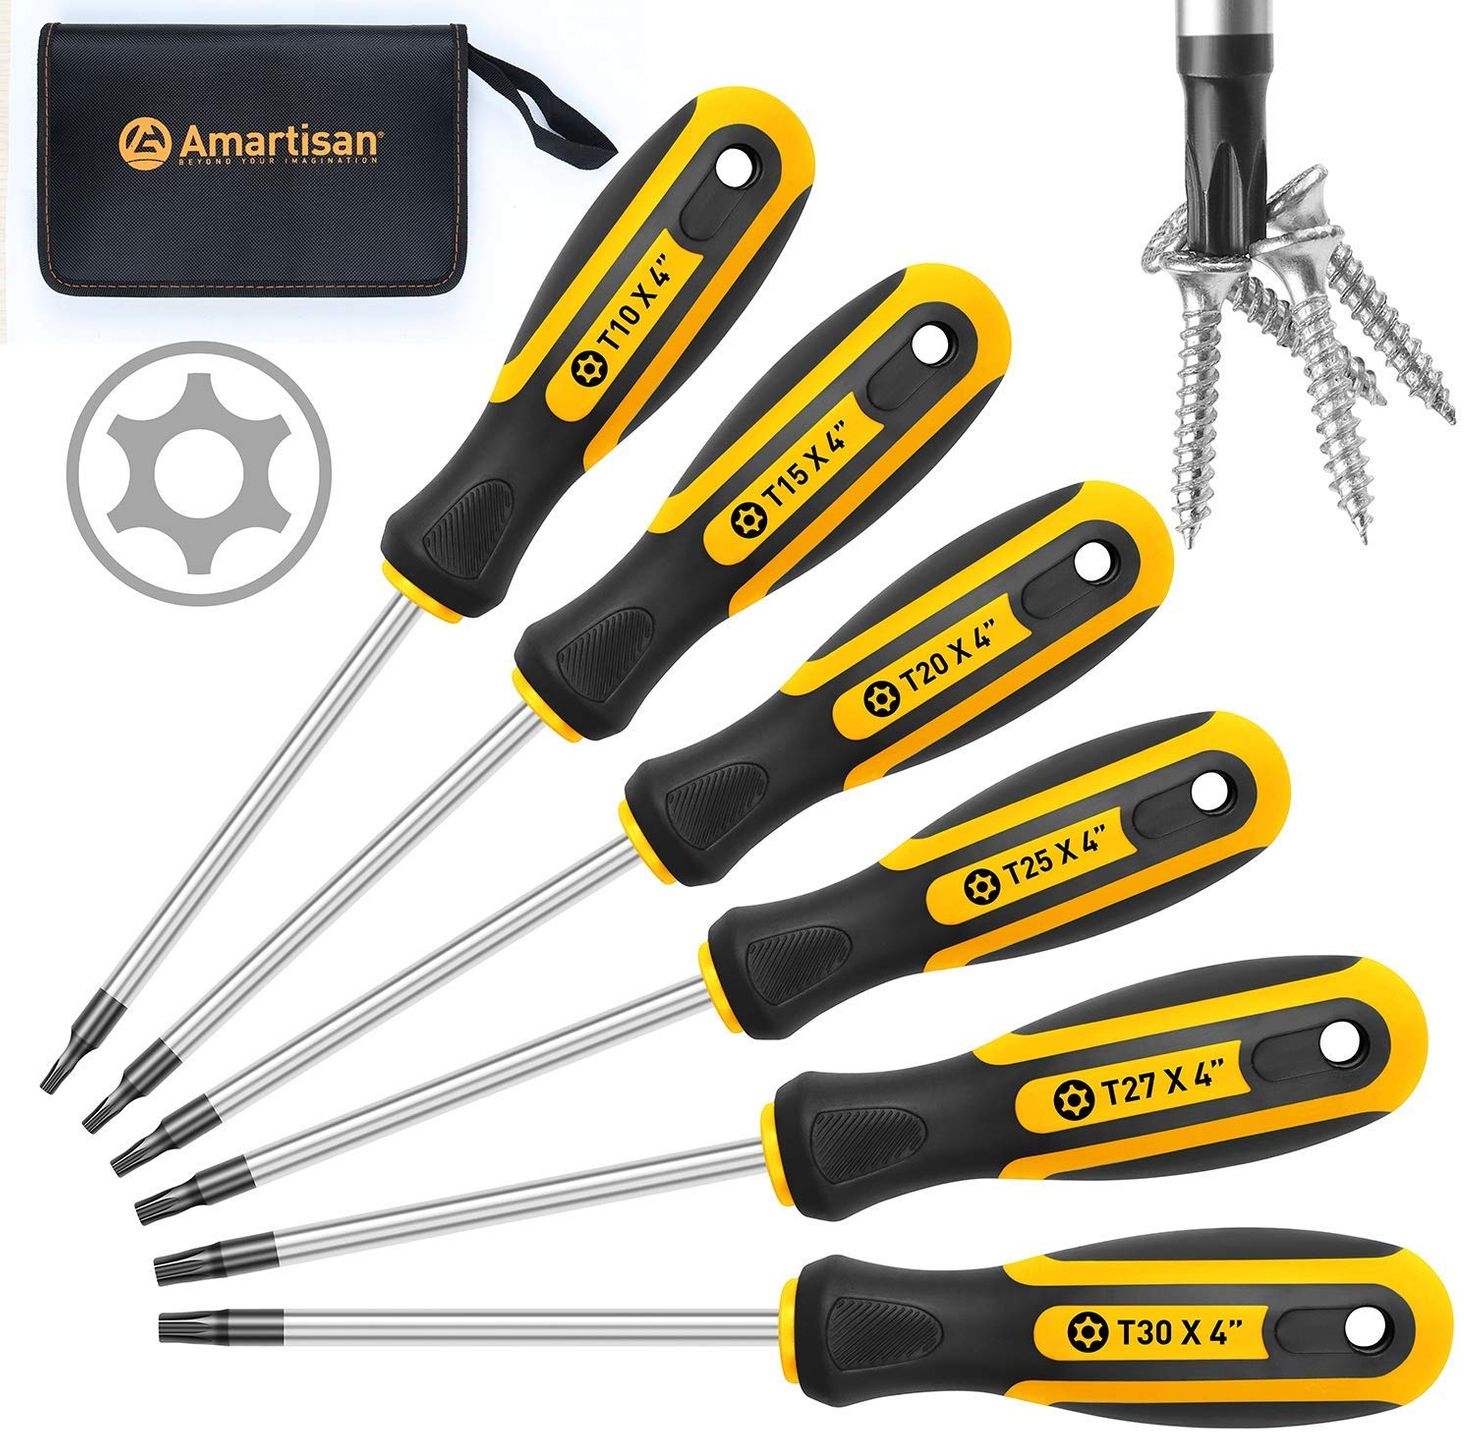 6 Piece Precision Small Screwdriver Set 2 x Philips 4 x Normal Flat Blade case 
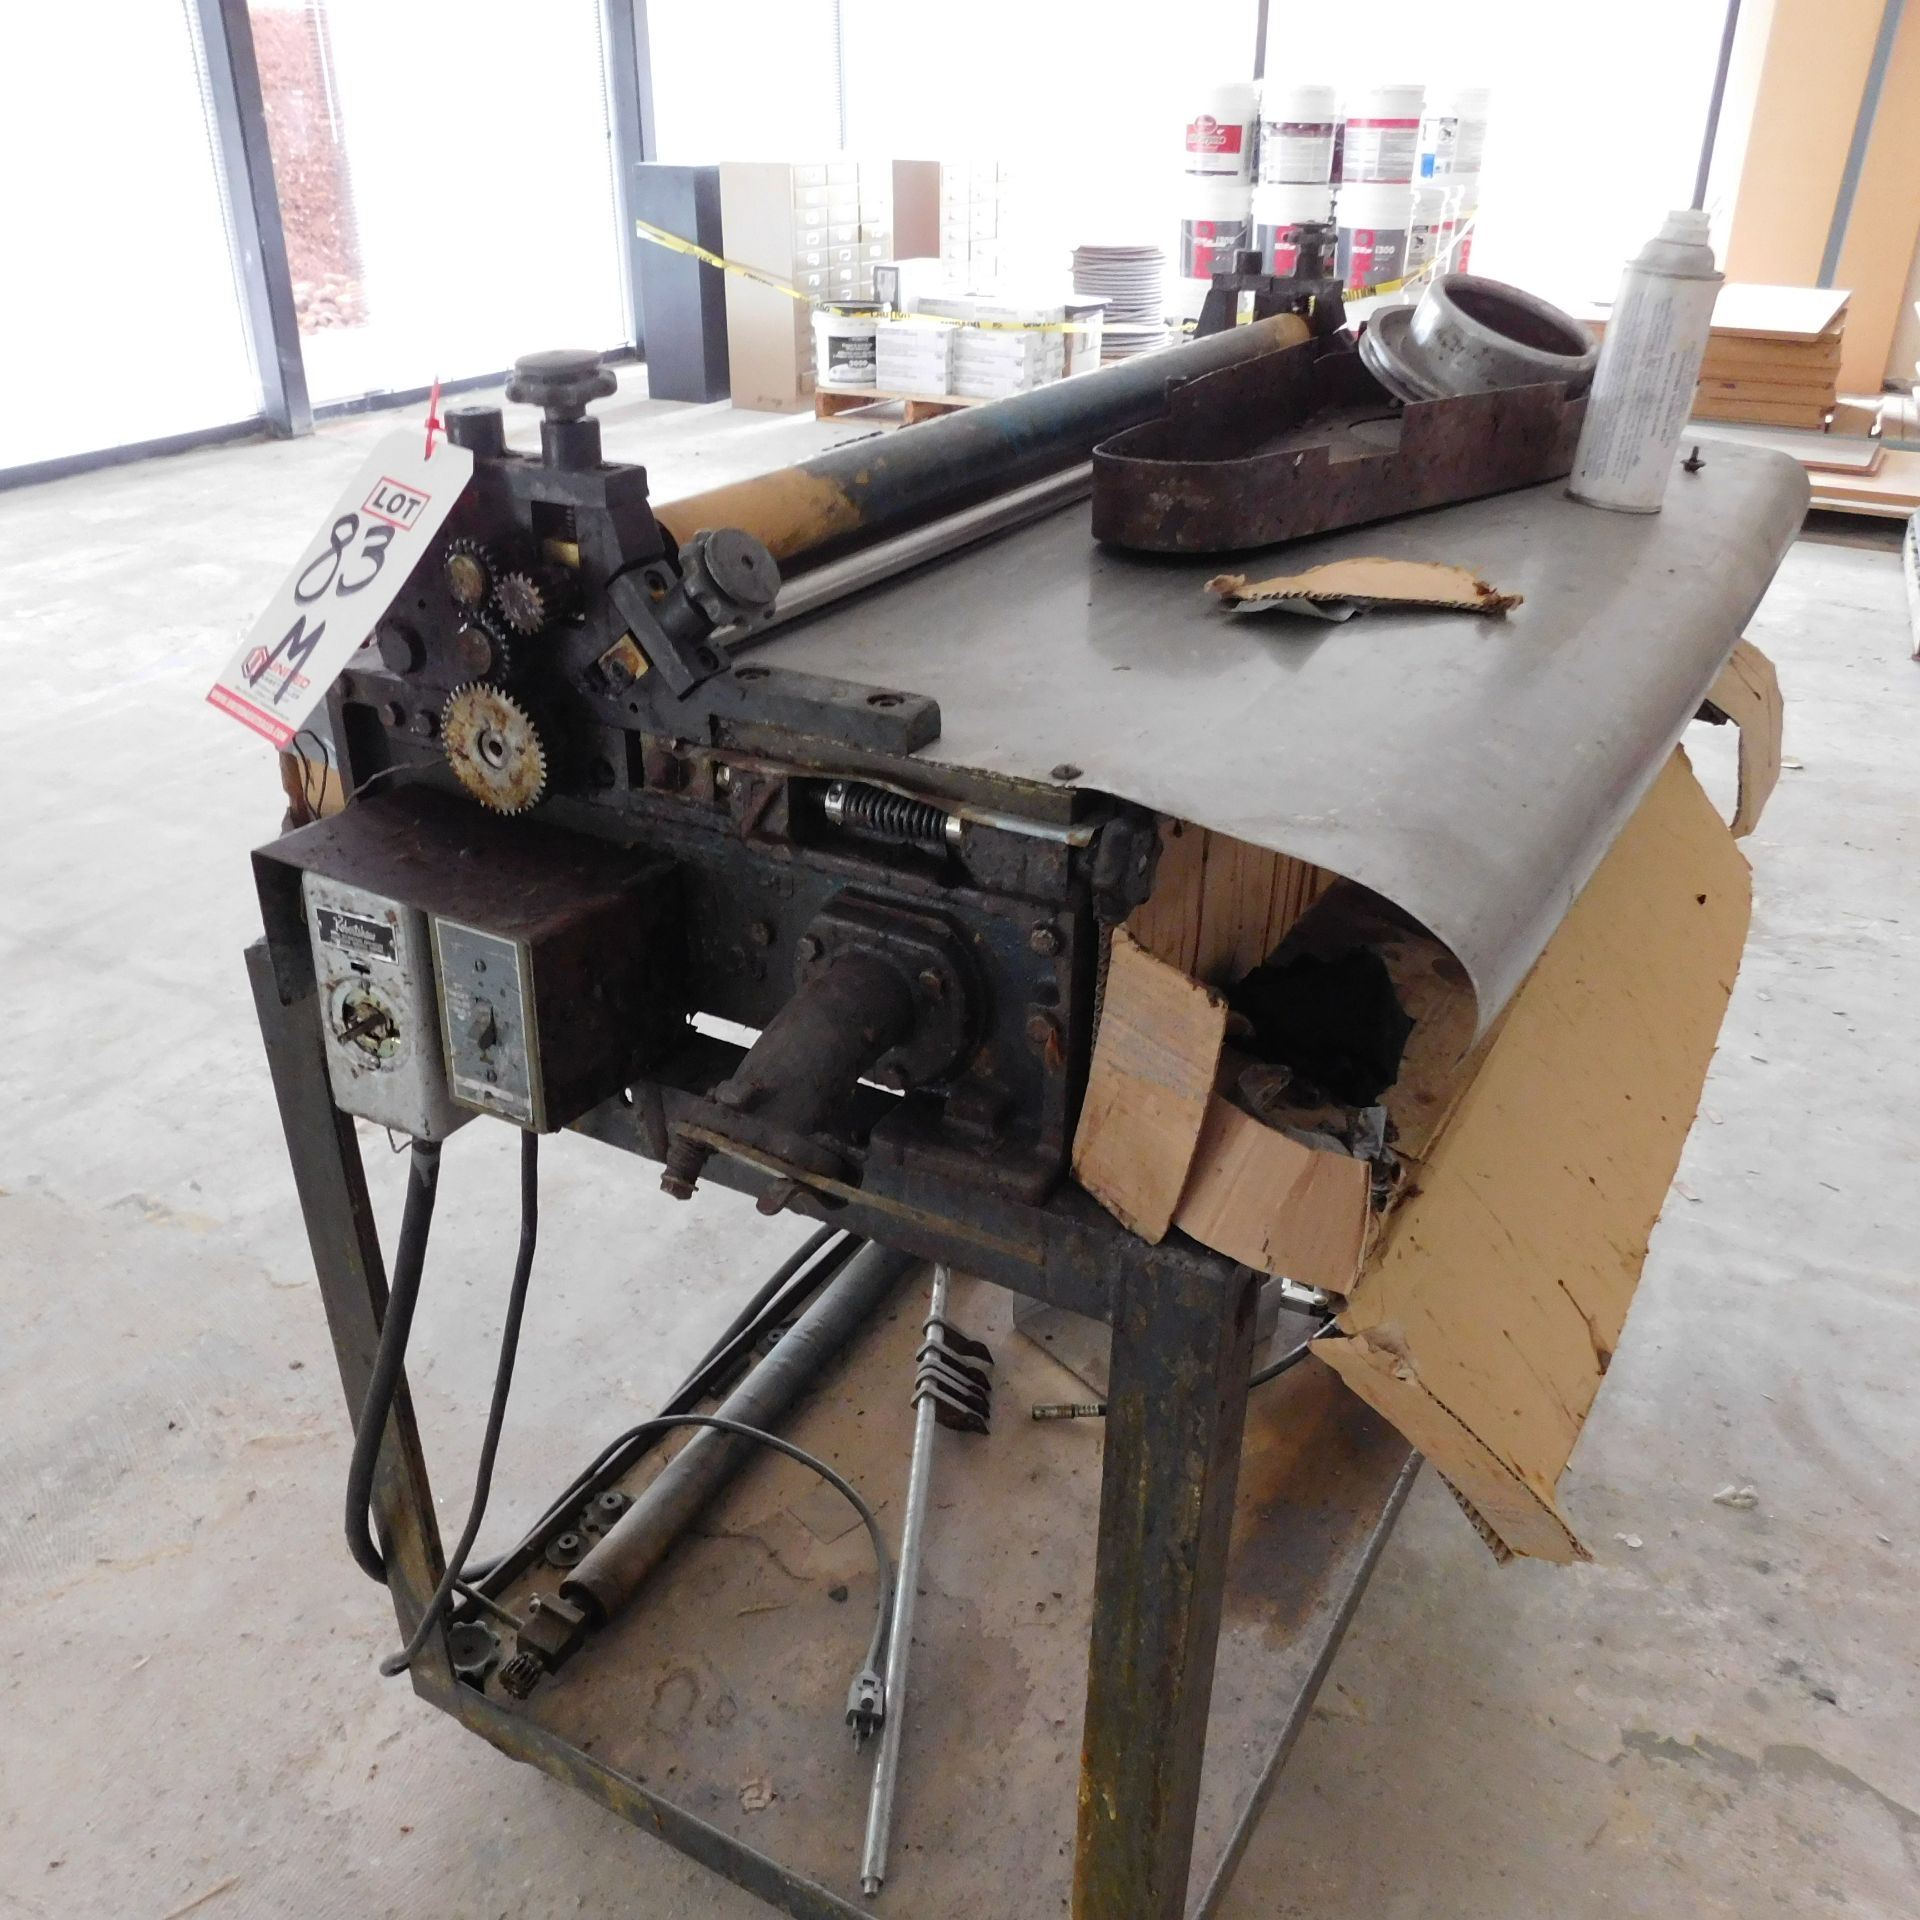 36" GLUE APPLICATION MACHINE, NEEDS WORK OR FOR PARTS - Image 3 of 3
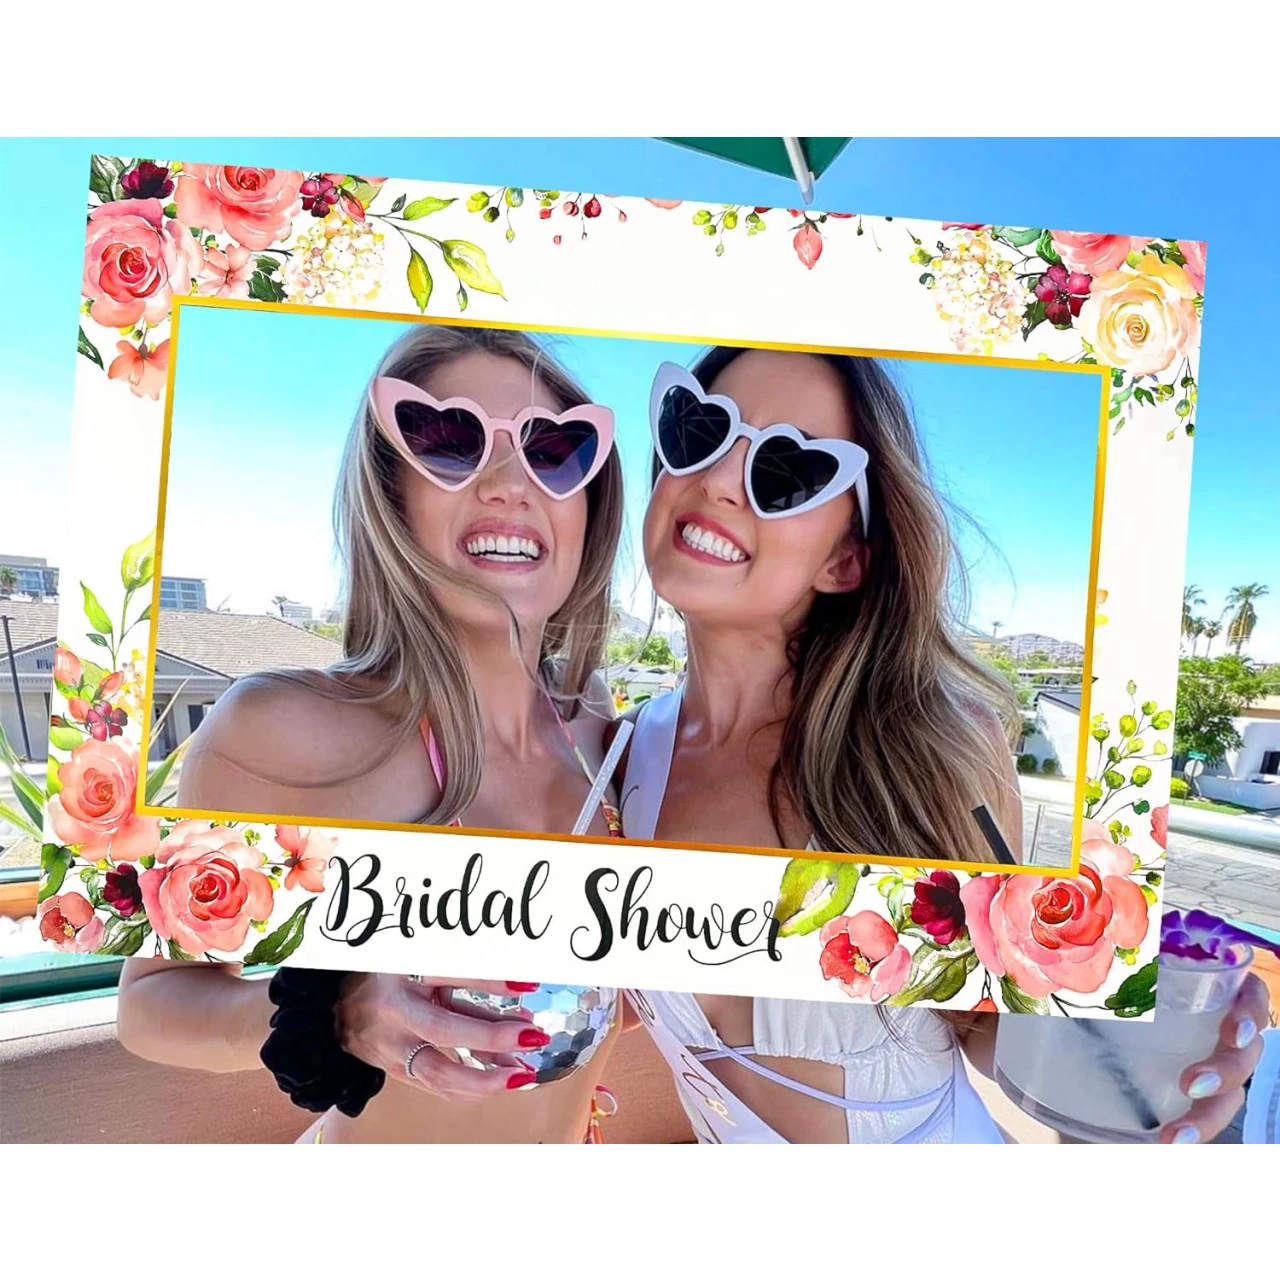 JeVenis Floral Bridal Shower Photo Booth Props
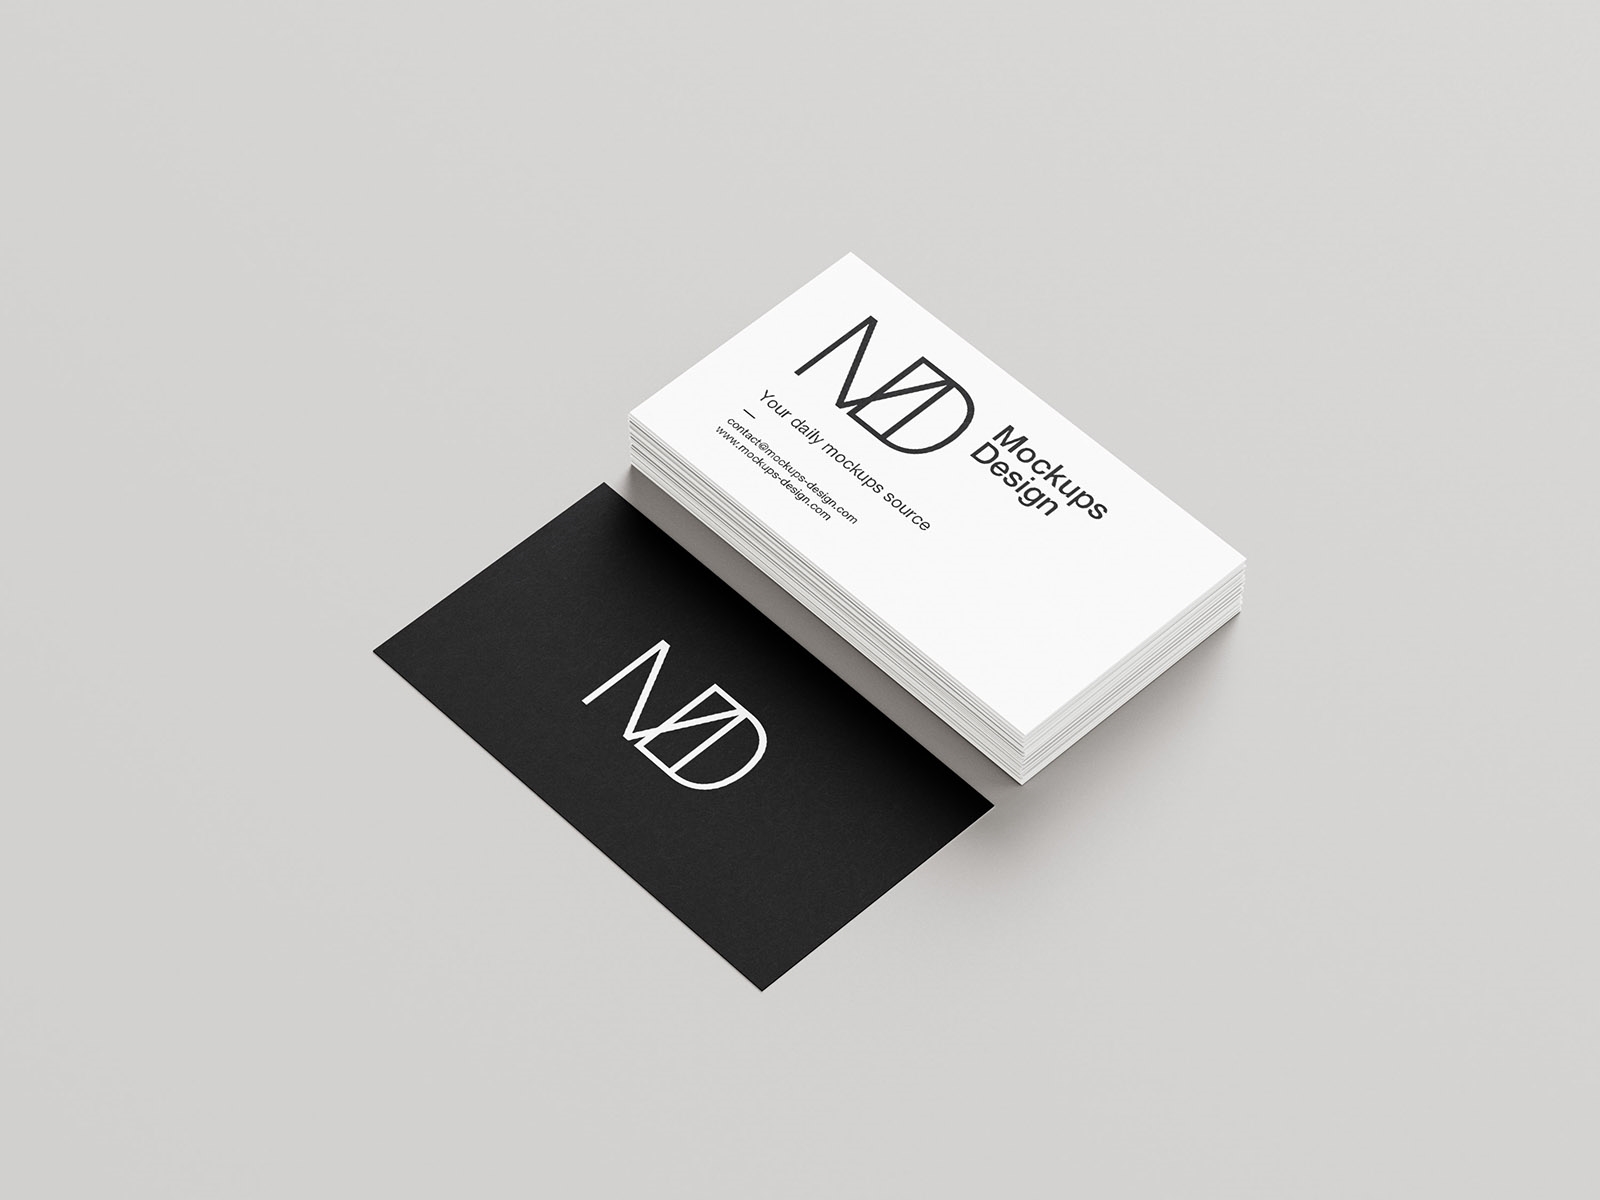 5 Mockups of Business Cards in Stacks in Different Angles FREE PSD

..........

Your job is to restate, word for word, only the lines from the one holding "JeVenis Floral Bridal" through the end of the material; pictures stay out.

* [Result]:
 JeVenis Floral Bridal Shower Photo Booth Props
 5 Mockups of Business Cards in Stacks in Different Angles FREE PSD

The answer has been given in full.